Standardized Extensions Installation: Introduced a script for downloading and installing extensions during build time for the stable-diffusion-webui package, improving modularity and ease of extension management.
Dependency Management: Added dependencies such as openai-triton where necessary to enable seamless integration and functionality.
Configuration Updates: Updated default git branches, removed unnecessary patches, and introduced new configuration options where required to optimize package functionality.

Impact

Improved Build Efficiency: By reducing layer complexity and introducing standardized build stages, the build process becomes more efficient and easier to maintain, not to mention obvious time & final docker image size savings.
Enhanced Containerization Practices: The inclusion of environmental variables and streamlined Dockerfiles improves containerization practices, making it easier to deploy and manage packages in various environments.
Simplified Extension Management: With the introduction of a script for extension installation, managing extensions for the stable-diffusion-webui and text-generation-webui packages becomes more straightforward and modular.
Updated Dependencies: By adding necessary dependencies and configurations, the packages are aligned with the latest standards and requirements, ensuring optimal functionality and compatibility.

Detailed changes

`build-essential`

Added environmental variables
Reduced number of layers
Fixed formatting

`cmake_pip`

Reduced number of layers
Fixed formatting

`cuda`

Added environmental variables
Reduced number of layers
Fixed formatting
replaced https://developer.download.nvidia.com/compute/cuda/repos/ubuntu2004/arm64/cuda-ubuntu2004.pin with https://developer.download.nvidia.com/compute/cuda/repos/ubuntu2204/sbsa/cuda-ubuntu2204.pin in favour of JP6 & ubuntu 22.04

`cudnn`

Reduced number of layers
Fixed formatting

`pycuda`

Introduced build & install stages in Dockerfile for building pip wheel
Reduced number of layers
Fixed formatting

`stable-diffusion-webui`

Added the install_sd_extensions.sh script which can download & install stable-diffusion-webui extensions during the build time from Dockerfile
Extended default installed extensions to:
Reduced number of layers
Fixed formatting

`stable-diffusion`

Reduced number of layers
Fixed formatting

`auto_awq`

Introduced build & install stages in Dockerfile for building pip wheel
Reduced number of layers
Fixed formatting

`auto_gptq`

Introduced build & install stages in Dockerfile for building pip wheel
Reduced number of layers
Fixed formatting

`bitsandbytes`

Added config.py in order to fix JP6/cuda 12.2 builds
Introduced build & install stages in Dockerfile for building pip wheel
Reduced number of layers
Fixed formatting

`exllama`

Introduced build & install stages in Dockerfile for building pip wheel
Reduced number of layers
Fixed formatting

`exllama_v2`

Reduced number of layers
Fixed formatting

`gptq-for-llama`

Added config.py in order to enable openai-triton based builds - new gptq-for-llama:triton package
Fixed tests logging
Reduced number of layers
Fixed formatting

`huggingface_hub`

Reduced number of layers
Fixed formatting

`llama_cpp`

Changed default git branch to main
Removed unecessary git patch
Reduced number of layers
Fixed formatting

`text-generation-webui`

Reduced number of layers
Fixed formatting
Added bitsandbytes and openai-triton dependant packages
Added torch-grammar, sentence-transformers and flash-attention (v1 & v2) support
Create symbolic links instead of files duplication
Introduced a new way of automatic extensions installation using native one_click script
Removed settings.json.
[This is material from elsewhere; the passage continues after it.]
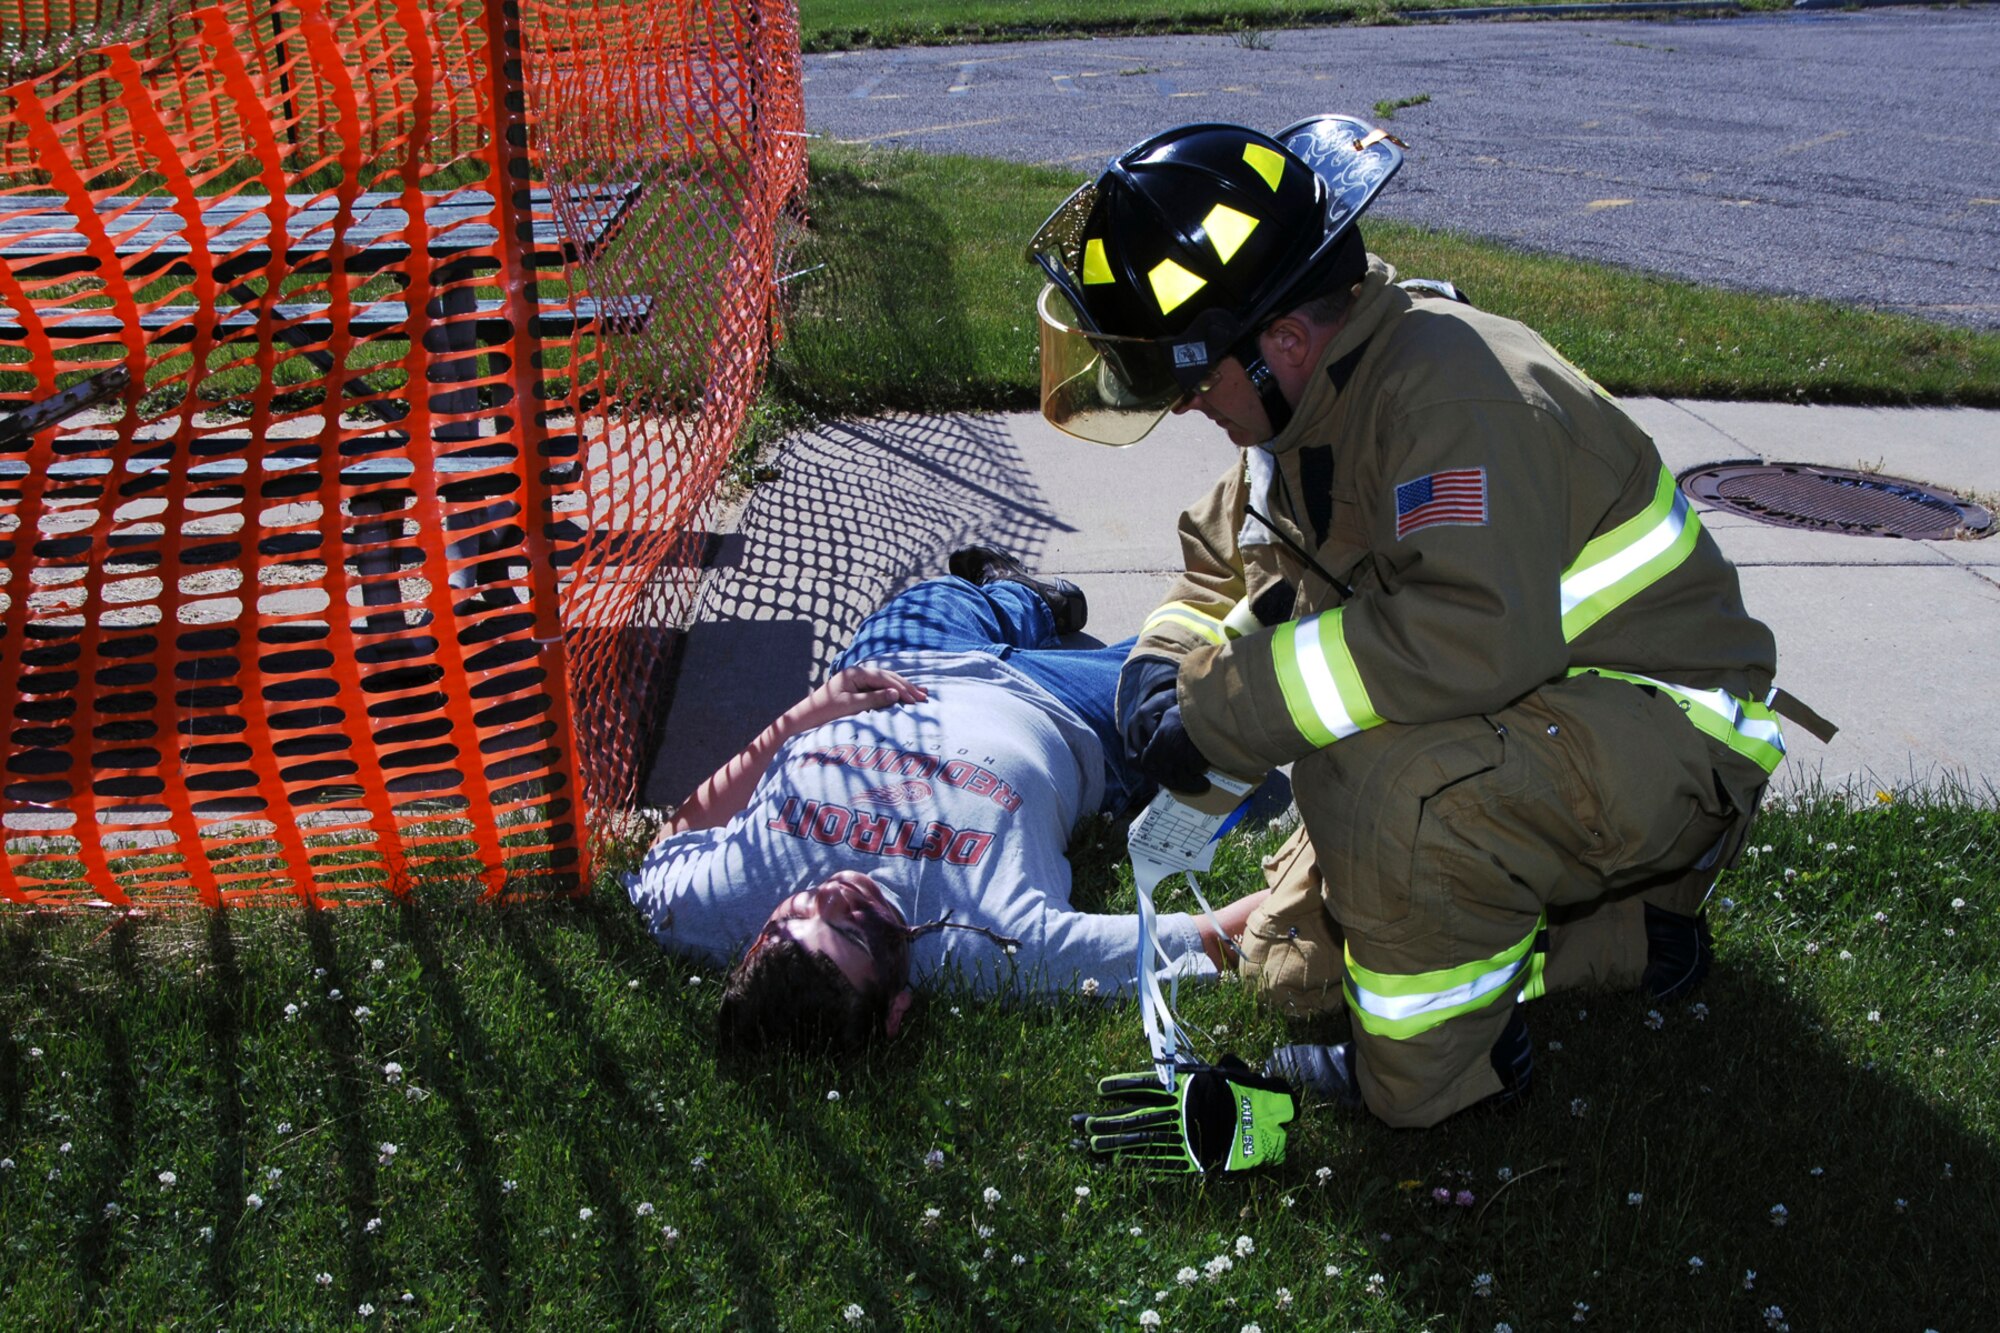 Selfridge ANG Base Firefighter, SSgt. Jeffrey Yelencich, aids a simulated casualty portrayed by Civil Air Patrol member Jake Healy during a tornado response exercise held by the 127th Wing at Selfridge Air National Guard Base on June 1. (USAF Photo by SSgt. Rachel Barton, released).

Instead we can use settings.yaml file based on this template mounted as a docker volume:

-v /path/to/settings.yaml:/opt/text-generation-webui/settings.yaml

`transformers`

Reduced number of layers
Fixed formatting

`xformers`

Reduced number of layers
Fixed unecessary pytorch re-installation
Fixed formatting

`numpy`

Reduced number of layers
Fixed formatting

`onnx`

Reduced number of layers
Fixed formatting

`onnxruntime`

Added config.py in order to enable package installation from pip wheels (from Jetson Zoo)
Reduced number of layers
Fixed formatting
Added openai-triton package as dependency

`openai-triton`

Introduced build & install stages in Dockerfile for building pip wheel

`opencv`

Reduced number of layers
Fixed formatting

`python`

Added environmental variables
Reduced number of layers
Fixed formatting

`pytorch`

Reduced number of layers
Fixed formatting

`torchvision`

Introduced build & install stages in Dockerfile for building pip wheel
Reduced number of layers
Fixed formatting

`rust`

Reduced number of layers
Fixed formatting

`tensorrt`

Reduced number of layers
Fixed formatting

dusty-nv commented 4 months ago

Wow @ms1design , thank you for all this! Amazing 🙏

I won't have time to look into all these changes until after GTC, and honestly yes I do have concerns about the scope of changes and the massive rebuilds they will trigger across all the containers (and needing to revalidate all of them are still working)

I get what you were doing by merging most/all run commands into one layer, however sometimes I still prefer to keep them separate (albiet in as big of chunks as possible) for better debugging when they do fail to build. When that happens, I will start the half-built container during the intermediate build stage and figure out what needs to be run to fix it - then put those changes in the dockerfile when it's working.

Also for the big packages, I have been migrating to having separate "builder" vs "deploy" dockerfiles, where the deploy dockerfile copies the wheel out of the builder - but they are not stages built in the same dockerfile (this way not everyone needs to build the builder container, and can just use the builders that I have pushed to dockerhub). I think the more normal multi-stage way you are doing it here is a good intermediary step, however that way everyone still needs to build the wheels.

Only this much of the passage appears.